Senior Data Engineer - Generative AI
New York - hybrid
$160-180k
We are working with a leading financial services client who are looking for a dynamic and enthusiastic Senior Data Engineer to spearhead the design and execution of our company s modern data management strategy. As a pivotal member of the Enterprise Data team, you will collaborate with a diverse group of engineers, architects, data scientists, and end-users to innovate, design, and construct the next generation of solutions in the cloud. Utilizing both time-tested and cutting-edge technologies and platforms such as AWS and Azure cloud, APIs, and AI, you will play a central role in shaping the future of our data infrastructure.
Key Responsibilities:
- Maintain and grow collaborative relationships across architecture, product management, data, and delivery teams to design and implement solutions addressing defined business challenges.
- Participate in agile scrum teams, ensuring on-time delivery with exceptional quality.
- Develop and maintain data engineering solutions on cloud platforms, leveraging AWS or Azure services.
- Design, implement, and optimize scalable data pipelines and ETL/ELT processes using Python, PySpark, and API integrations.
- Implement robust data quality and validation checks to ensure the accuracy and consistency of data.
- Collaborate closely with data scientists and analysts to understand data requirements and translate them into scalable, high-performing data pipeline solutions.
- Monitor and troubleshoot data pipeline performance, identifying and resolving bottlenecks and issues.
- Stay abreast of the latest technologies and trends in big data, data engineering, data science, and REST API development, providing recommendations for process improvements.
- Utilize AWS Cloud technologies to support the expansion of Machine Learning/Data Science capabilities, applications, BI/analytics, and cross-functional teams.
- Develop methods and routines to transition data from on-premise systems to the AWS Cloud.
- Build infrastructure for optimal ETL/ELT of data from various sources using SQL and AWS big data technologies.
- Contribute to the development and debugging of code in PySpark/Spark/Python, with a strong emphasis on SQL and query optimization techniques.
- Maintain a high level of expertise in cloud-based technologies, contributing to best practices, standards, and patterns.
Required Skills:
- Proficiency with database technologies for structured and unstructured data storage and retrieval.
- Hands-on experience with AWS Cloud tools such as AWS RDS, Redshift, AWS Glue, AWS S3, AWS Lambda, etc.
- Strong expertise in data engineering and data pipeline development using Python, PySpark, Java, etc.
- Experience with Cloud-native applications and a solid understanding of Cloud architecture and best practices.
- Familiarity with relevant code repository and project tools like GitHub, JIRA, Confluence.
- Working knowledge of Continuous Integration/Continuous Deployment (CI/CD) practices.
- Experience with highly scalable data stores, Data Lake, Data Warehouse, and unstructured datasets.

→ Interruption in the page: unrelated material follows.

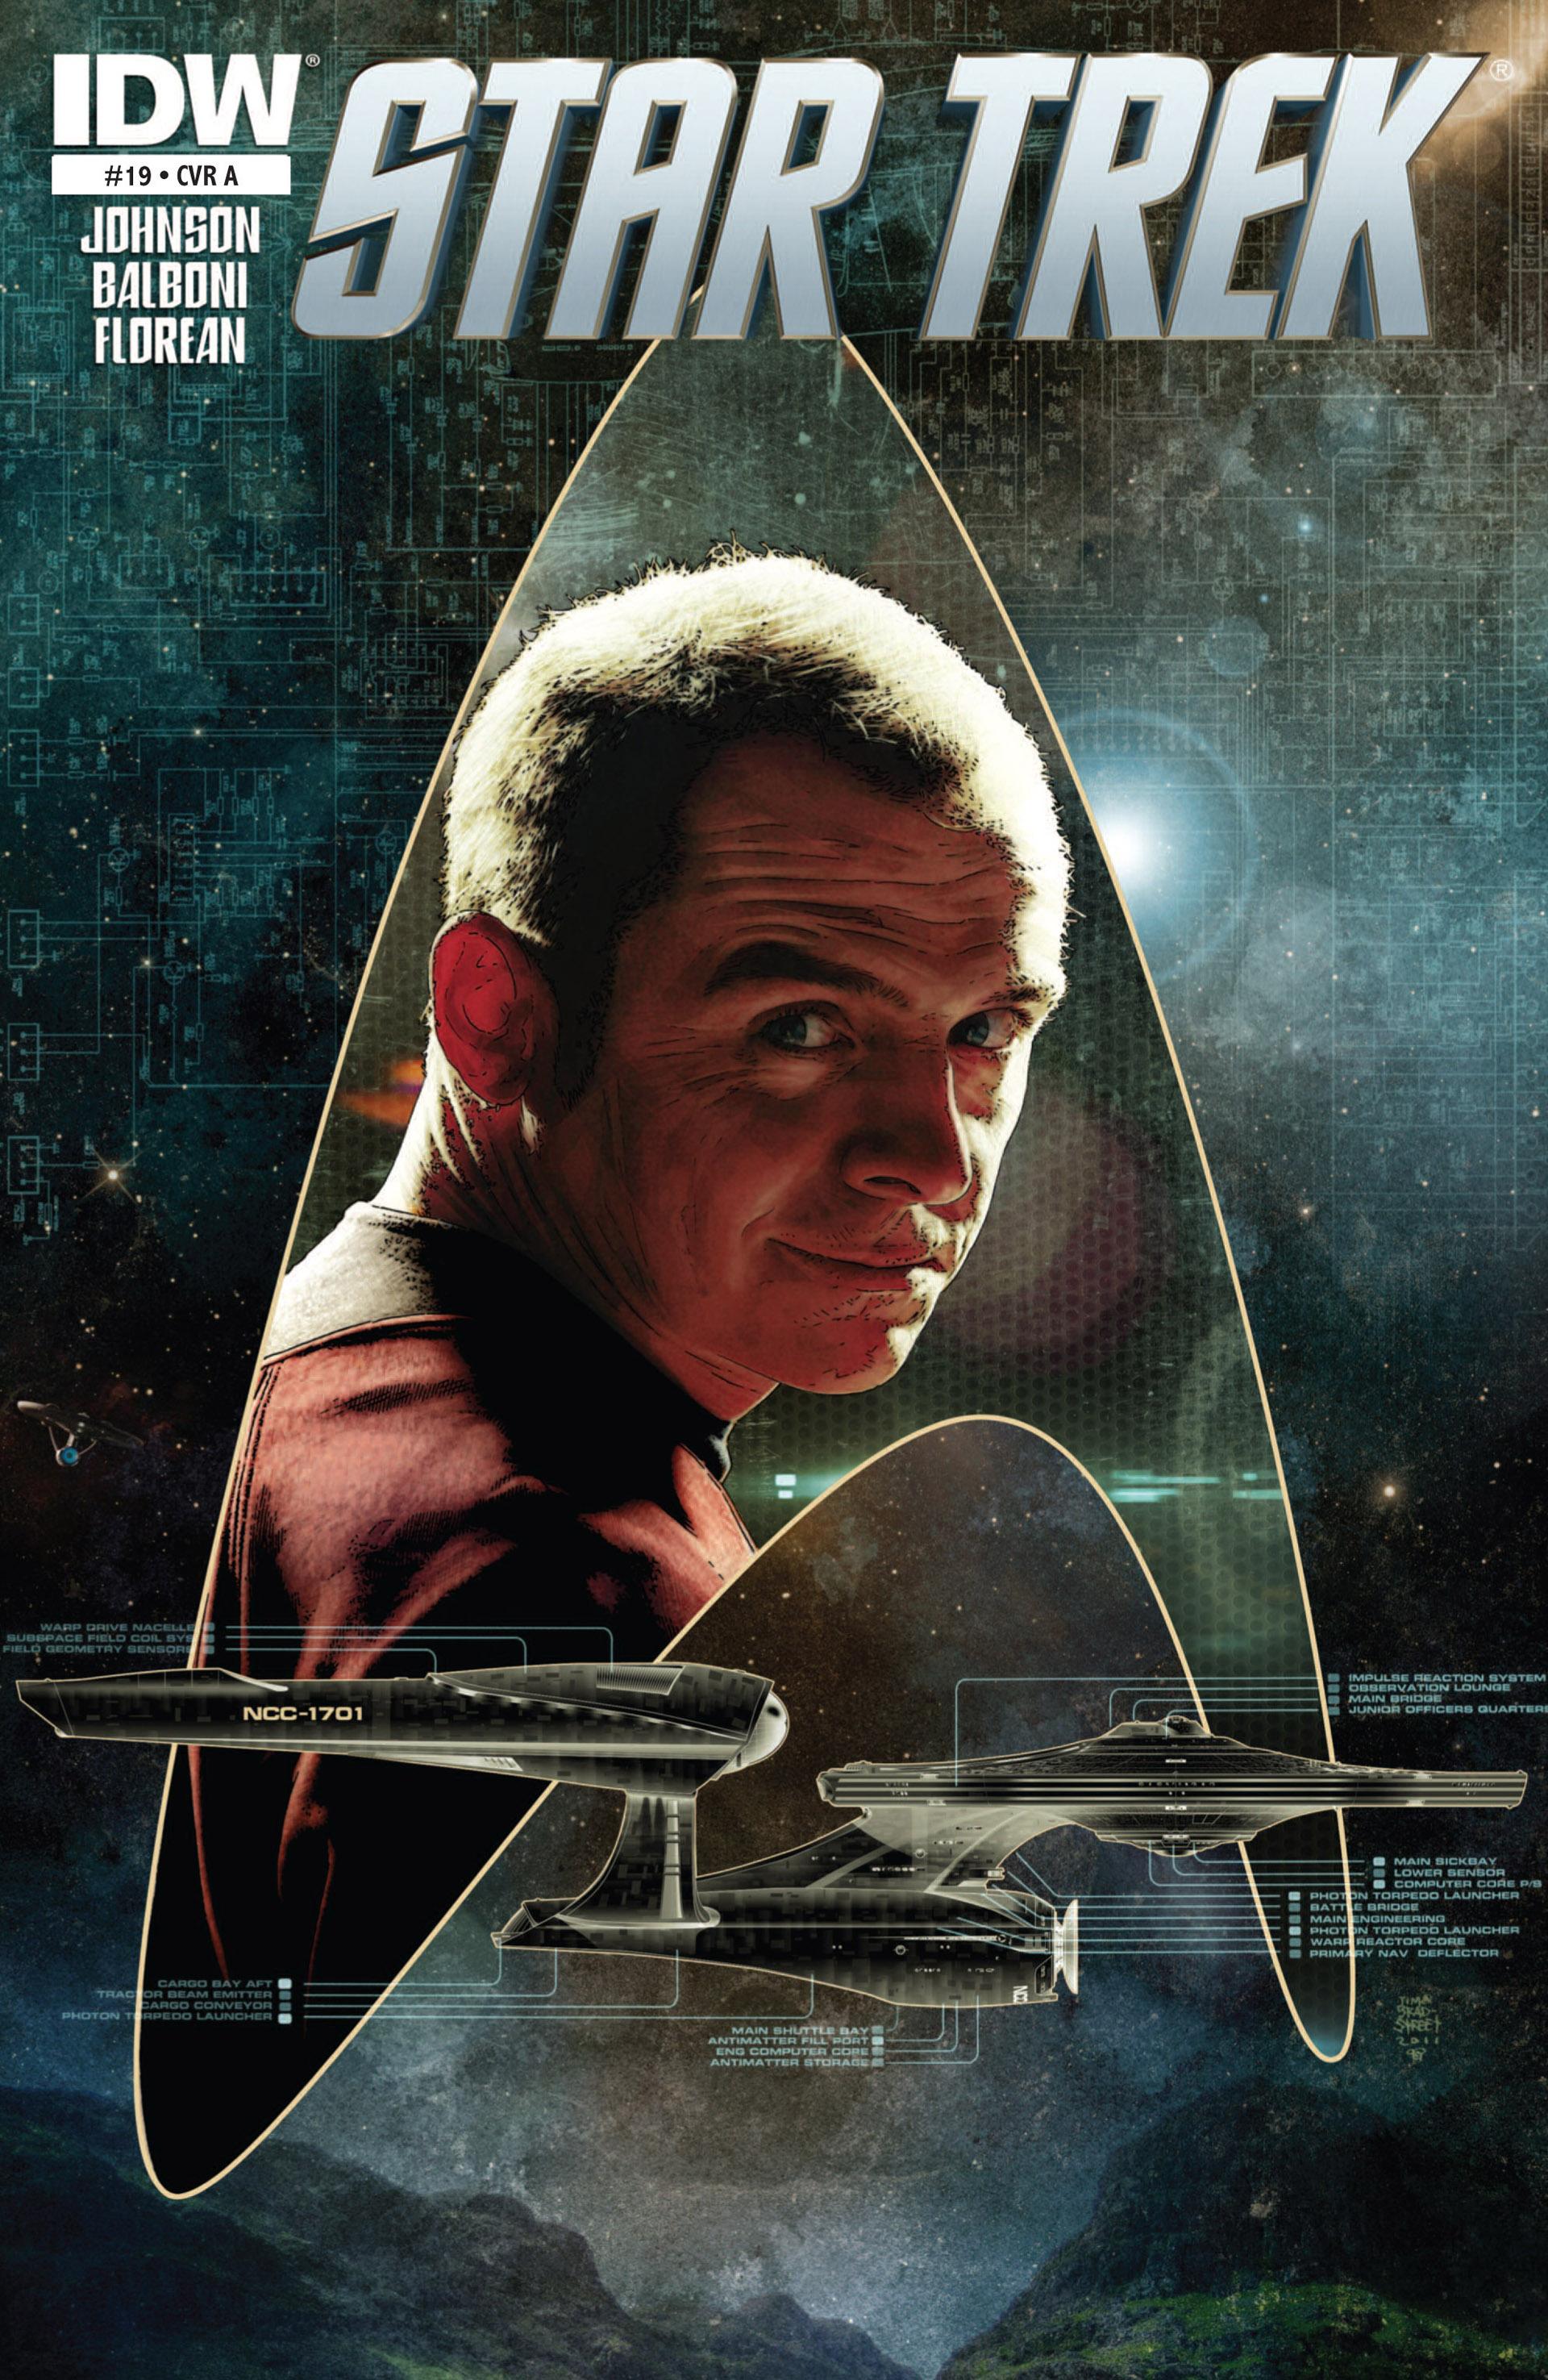 IDW Star Trek, Issue 19

- Proficiency in data integration, data processing, data streaming, and message queuing techniques.
- Detail-oriented with excellent analytical, problem-solving, and organizational skills.
- Ability to communicate effectively with both technical and business teams.
Desired Skills:
- Understanding of the insurance, wealth management, or financial services industry.
- Proficiency in scripting tools on multiple platforms.
- Extensive development experience with Cloud (AWS, Azure) and Storage services.
- Experience in developing solutions leveraging Large Language Models (LLMs) and machine learning pipelines.
- Strong hands-on experience with API integrations.